How to use PyTorchText BucketIterator to sort text data for better batching.

George Mihaila
11 min readNov 13, 2020

This notebook is a simple tutorial on how to use the powerful PytorchText BucketIterator functionality to group examples ( I use examples and sequences interchangeably) of similar lengths into batches. This allows us to provide the most optimal batches when training models with text data.

Having batches with similar length examples provides a lot of gain for recurrent models (RNN, GRU, LSTM) and transformers models (bert, roBerta, gpt2, xlnet, etc.) where padding will be minimal.

Basically any model that takes as input variable text data sequences will benefit from this tutorial.

I will not train any models in this notebook! I will release a tutorial where I use this implementation to train a transformer model.

The purpose is to use an example text datasets and batch it using PyTorchText with BucketIterator and show how it groups text sequences of similar length in batches.

This tutorial has two main parts:

  • Using PyTorch Dataset with PyTorchText Bucket Iterator: Here I implemented a standard PyTorch Dataset class that reads in the example text datasets and use PyTorch Bucket Iterator to group similar length examples in same batches. I want to show how easy it is to use this powerful functionality form PyTorchText on a regular PyTorch Dataset workflow which you already have setup.
  • Using PyTorch Text TabularDataset with PyTorchText Bucket Iterator: Here I use the built-in PyTorchText TabularDataset that reads data straight from local files without the need to create a PyTorch Dataset class. Then I follow same steps as in the previous part to show how nicely text examples are grouped together.

This notebooks is a code adaptation and implementation inspired from a few sources: torchtext_translation_tutorial, pytorch/text β€” GitHub, torchtext documentation and A Comprehensive Introduction to Torchtext.

What should I know for this notebook?

Some basic PyTorch regarding Dataset class and using DataLoaders. Some knowledge of PyTorchText is helpful but not critical in understanding this tutorial. The BucketIterator is similar in applying Dataloader to a PyTorch Dataset.

How to use this notebook?

The code is made with reusability in mind. It can be easily adapted for other text datasets and other NLP tasks in order to achieve optimal batching.

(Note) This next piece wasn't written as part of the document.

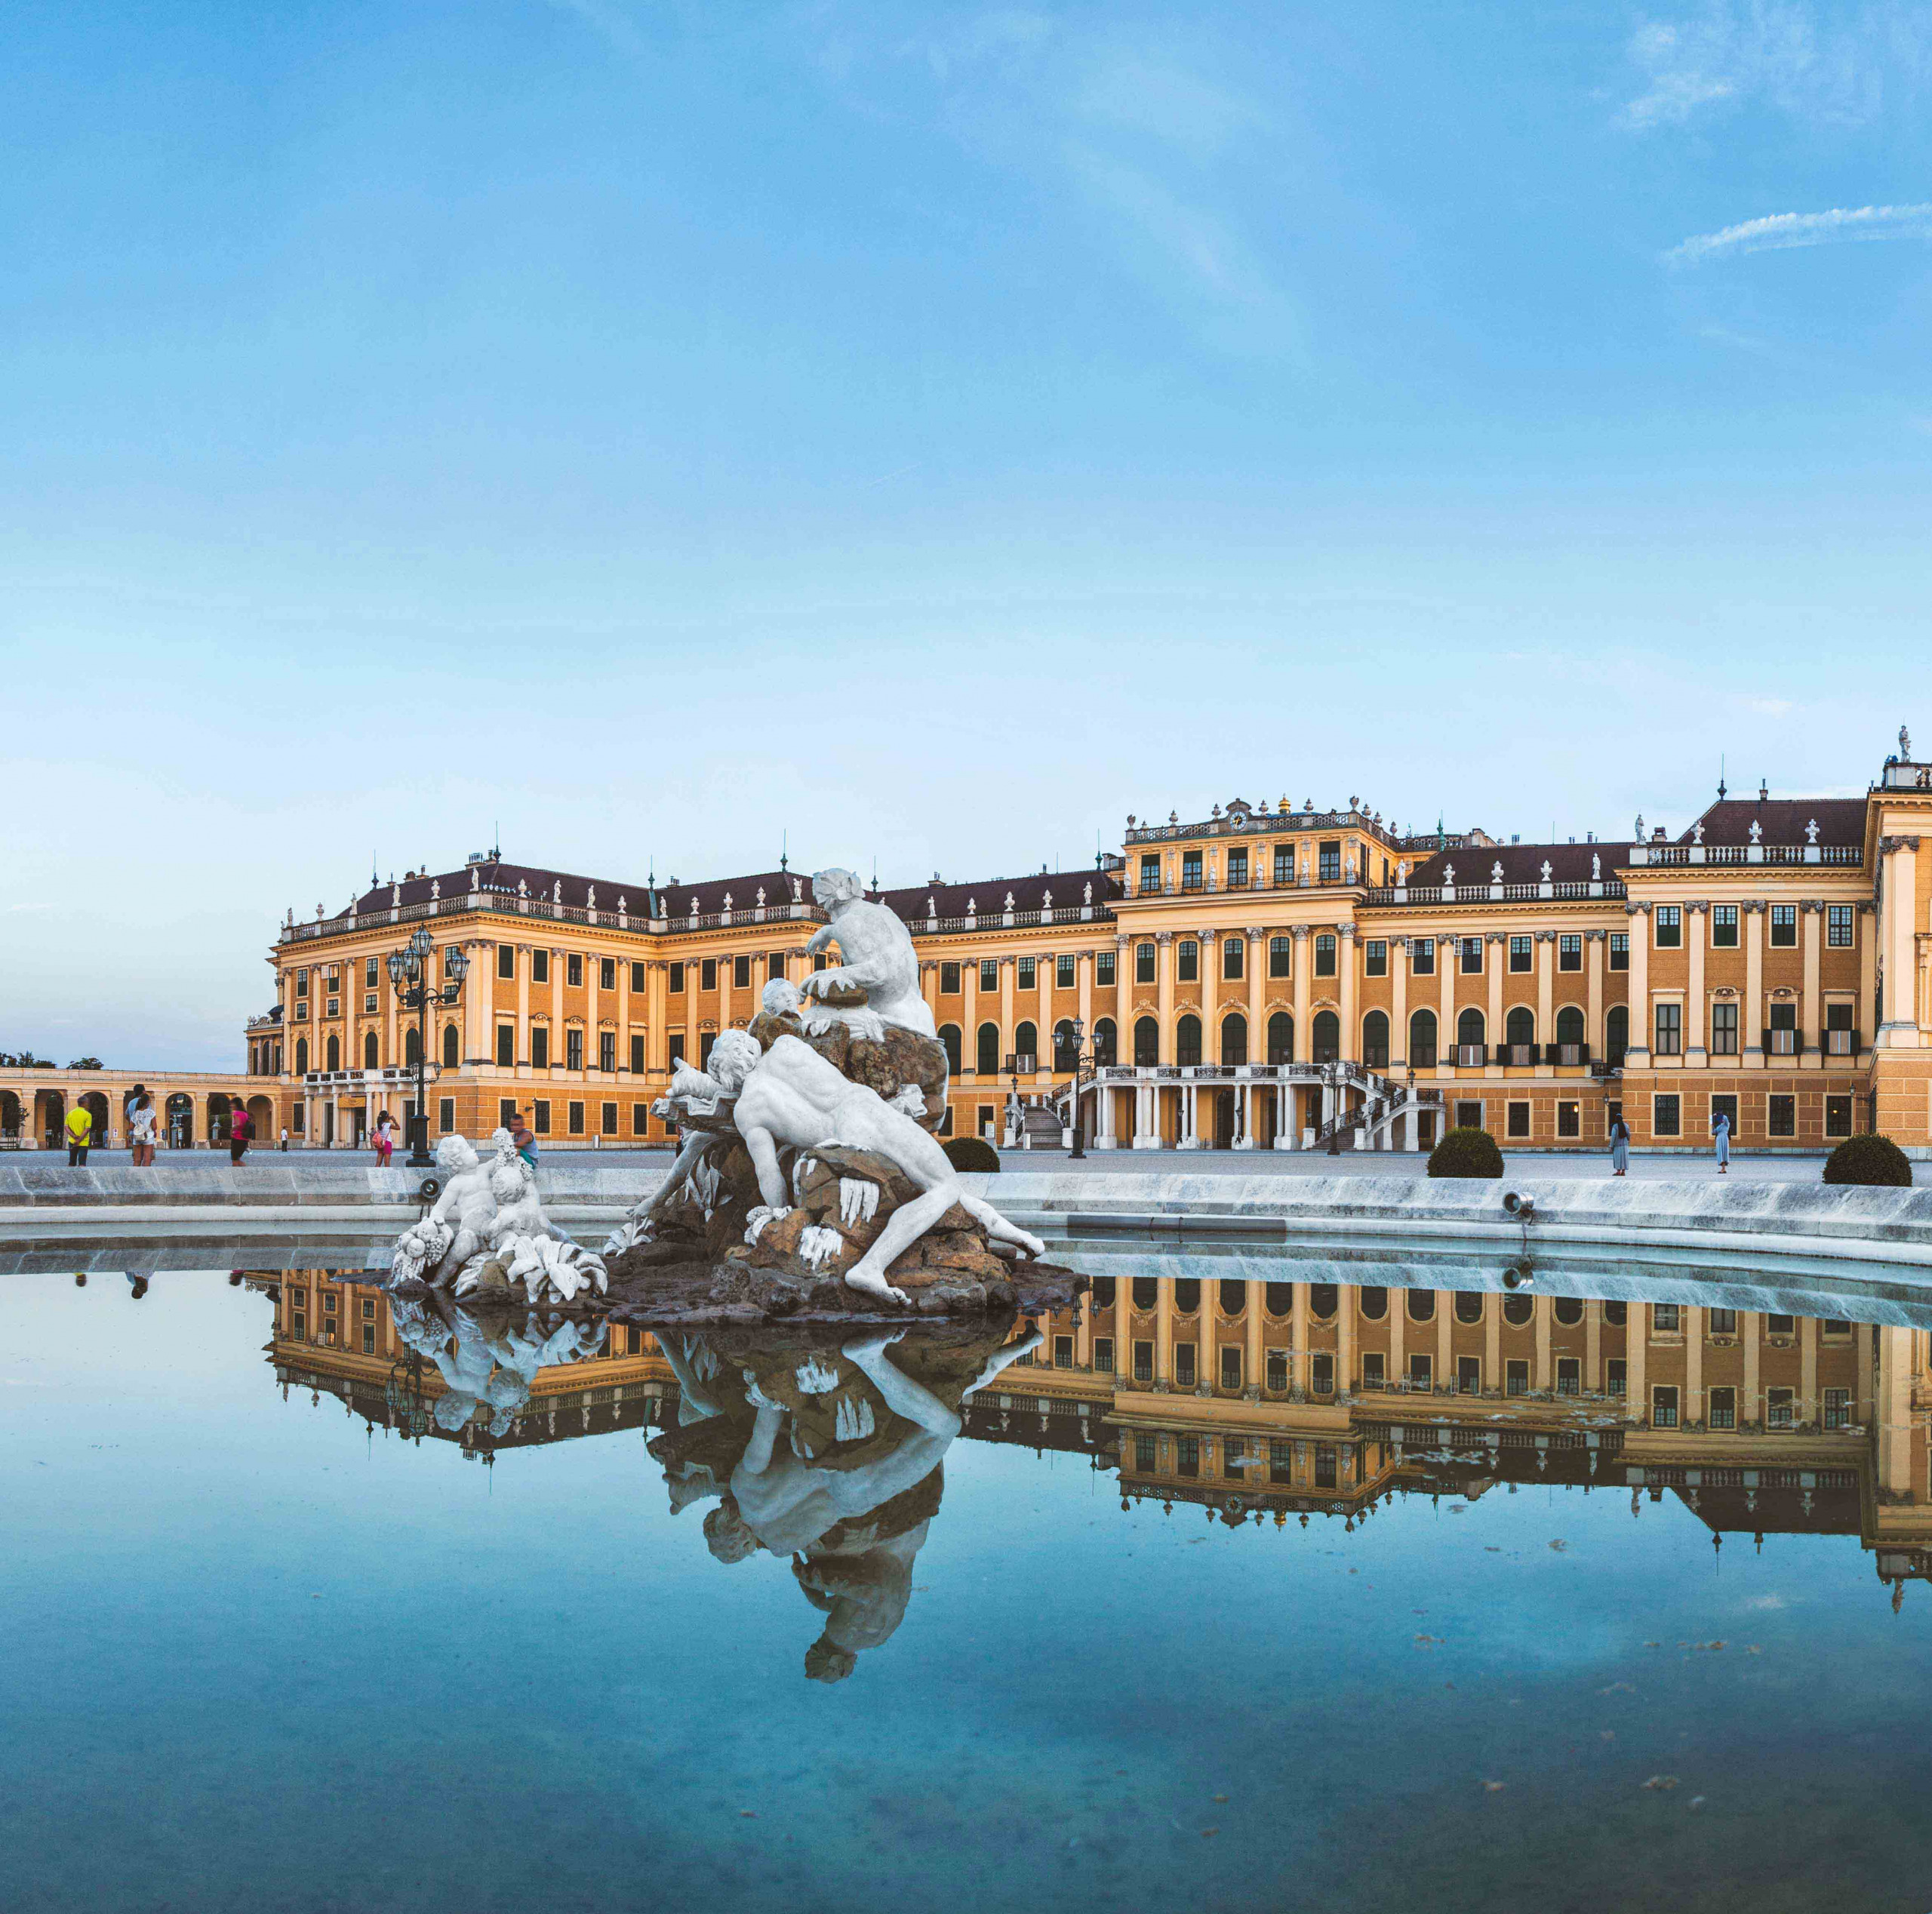 Schonbrunn Palace in Vienna, Austria
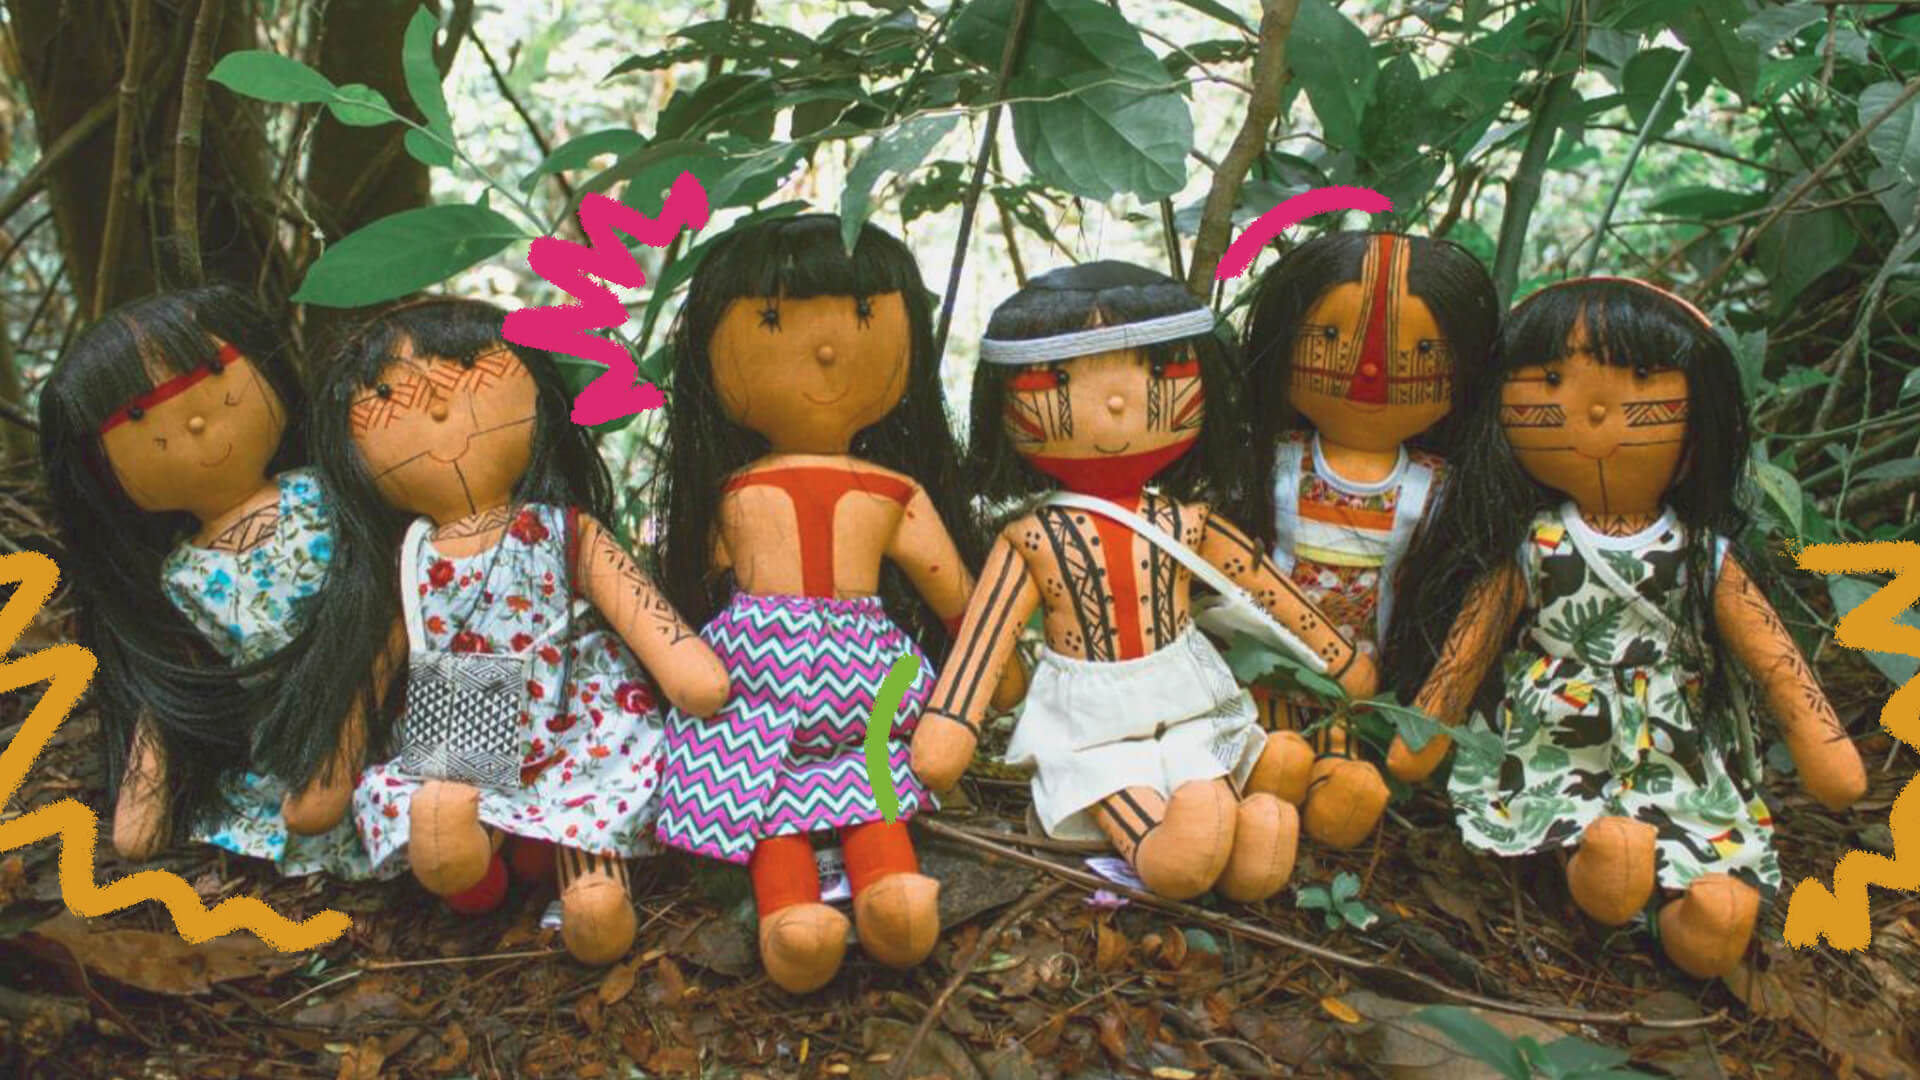 Brinquedos educativos: foto colorida de bonecas indígenas que estão ao ar livre, em meio a árvores, e são exemplos de brinquedos educativos

Comments should provide enough guidance to easily adapt this notebook to your needs.

This code is designed mostly for classification tasks in mind, but it can be adapted for any other Natural Language Processing tasks where batching text data is needed.

Dataset

I will use the well known movies reviews positive β€” negative labeled Large Movie Review Dataset.

The description provided on the Stanford website:

This is a dataset for binary sentiment classification containing substantially more data than previous benchmark datasets. We provide a set of 25,000 highly polar movie reviews for training, and 25,000 for testing. There is additional unlabeled data for use as well. Raw text and already processed bag of words formats are provided. See the README file contained in the release for more details.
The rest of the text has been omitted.